Wien, Dienstag, der 1. August 2006:
Ich staunte nicht schlecht, als an diesem Tag plötzlich ein neuer Kollege am Schreibtisch, direkt mir gegenüber, Platz genommen hatte. Er meinte, er würde von nun an hier arbeiten. Obwohl mir davon zuvor niemand etwas erzählt hatte.
Grundsätzlich war mir das egal. Denn das Unternehmen kam einstellen, wen auch immer es will. Egal ob dafür die Arbeit vorhanden ist, oder, wie in diesem Fall, auch nicht. Aber irgendwie hatte s mich doch etwas irritiert. Denn eine wirkliche Aufgabe hatte dieser Mann nun nicht gerade. Allerdings nachdem ich mich etwas mit ihm unterhalten hatte und er mir dabei erklärt hatte, er würde von VA Tech nun hierher gekommen wein, war mir klar, was los ist. Schließlich hatte mir doch mein Chef noch vor einigen Wochen erklärt, er würde gerade jenen, welcher derzeit die Aufgabe hatte, den vorgesehenen Stellenabbau bei VA Tech von, in den Medien kolportierten, 200 Stellen umzusetzen, besonders gut kennen.
Es schien also, mein Chef hatte hier jemanden einen Gefallen erwiesen und einen von diesen 200 zur Kündigung anstehenden Mitarbeitern der Va Tech hier aufgenommen. Als ich ihn allerdings einige Tage später darauf ansprach, meinte dieser, der Chef, also der Eigentümer des Unternehmens wäre dies gewesen. Auch dies steht ihm natürlich frei.
Aber was ich daran besonders bemerkenswert empfand war, dieser neue Kollege erklärte mir er wäre zuletzt bei VA Tech als Projektleiter tätig gewesen.
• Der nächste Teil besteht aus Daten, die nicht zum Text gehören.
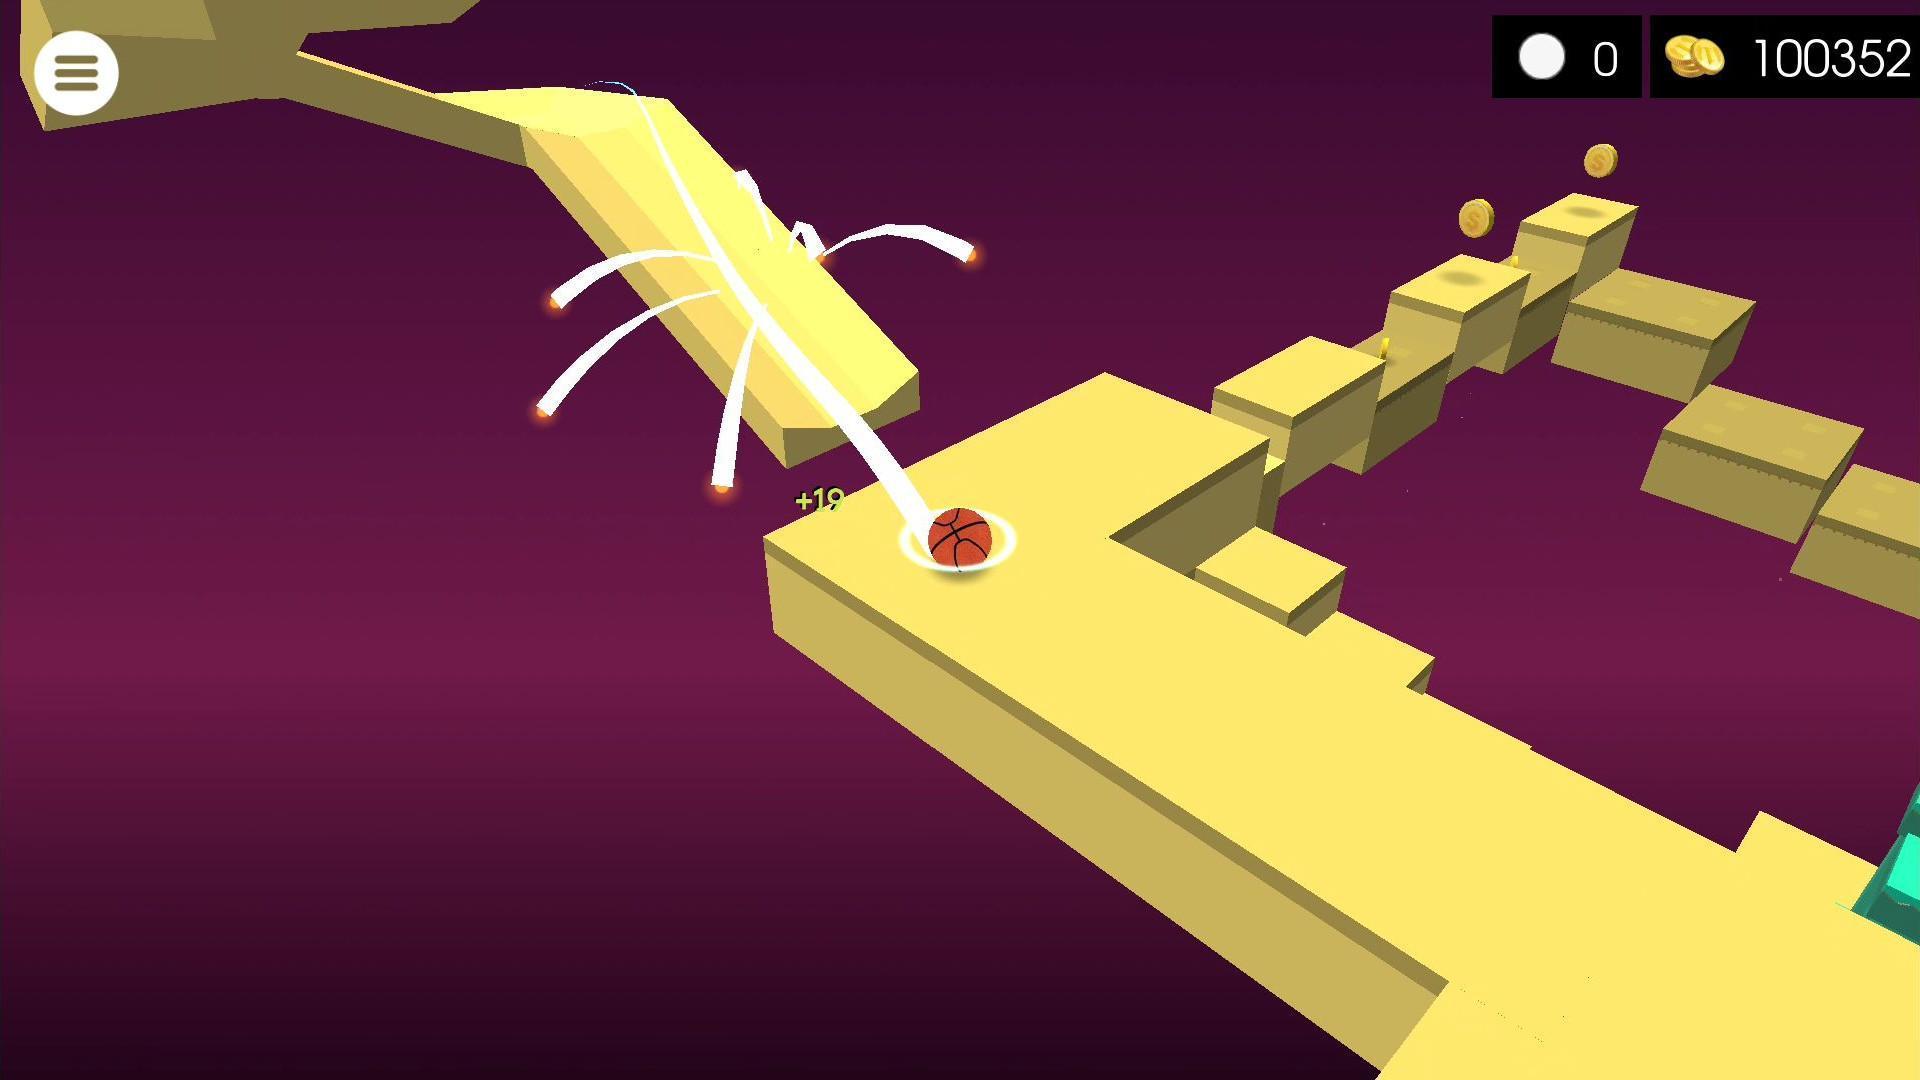 RYWO free 3D roll ball game 1.2.3 Screenshot 13

Wobei er diese Funktion erst bei seinem letzten Projekt, ein Projekt in Kroatien, ausgeübt. Dabei wäre allerdings ein äußerst hoher Verlust erwirtschaftet worden. Wobei mein neuer Kollege darin überhaupt kein Problem sah. Ganz im Gegenteil. Er erweckte eher den Eindruck, als wäre dies etwas Unabwendbares gewesen. Auch dies mag durchaus der Fall gewesen sein. Schon alleine deshalb, da er wohl selbst nicht die Kalkulation für dieses Projekt ausgearbeitet hatte, wie er mir erklärte.
Doch etwas irritierte mich doch sehr an ihm. Denn besonders viel Erfahrung, wobei dies konnte ja gar nicht sein, hatte er in der Projektleitung nicht gerade. Allerdings hätte er wenigstens die Kenntnisse darüber haben können. Aber auch das war nicht der Fall.
Umso beeindruckender war sein Auftreten. Da stand nun manchmal schon ein junger Mann da und meinte, jedem anschaffen zu können, was er möchte. Auch wenn dies kaum einen Sinn ergab. Aber jeder hätte umzusetzen, was er von ihm wollte. Doch kaum saßen wir mit den anderen Kollegen mittags am Besprechungstisch zusammen, um dort gemeinsam die Mittagspause zu verbringen, saß da plötzlich ein jungen, ganz lieber Mann, welcher keiner Fliege etwas zu leide tun könnte und auch den Mund kaum aufbringen würde. Außer dass er stolz darauf war, nun, seitdem er verheiratet war, in einer kleinen Vorstadt von Wien, in Perchtoldsdorf, zu wohnen. Als hätte dies eine ganz besondere Bedeutung.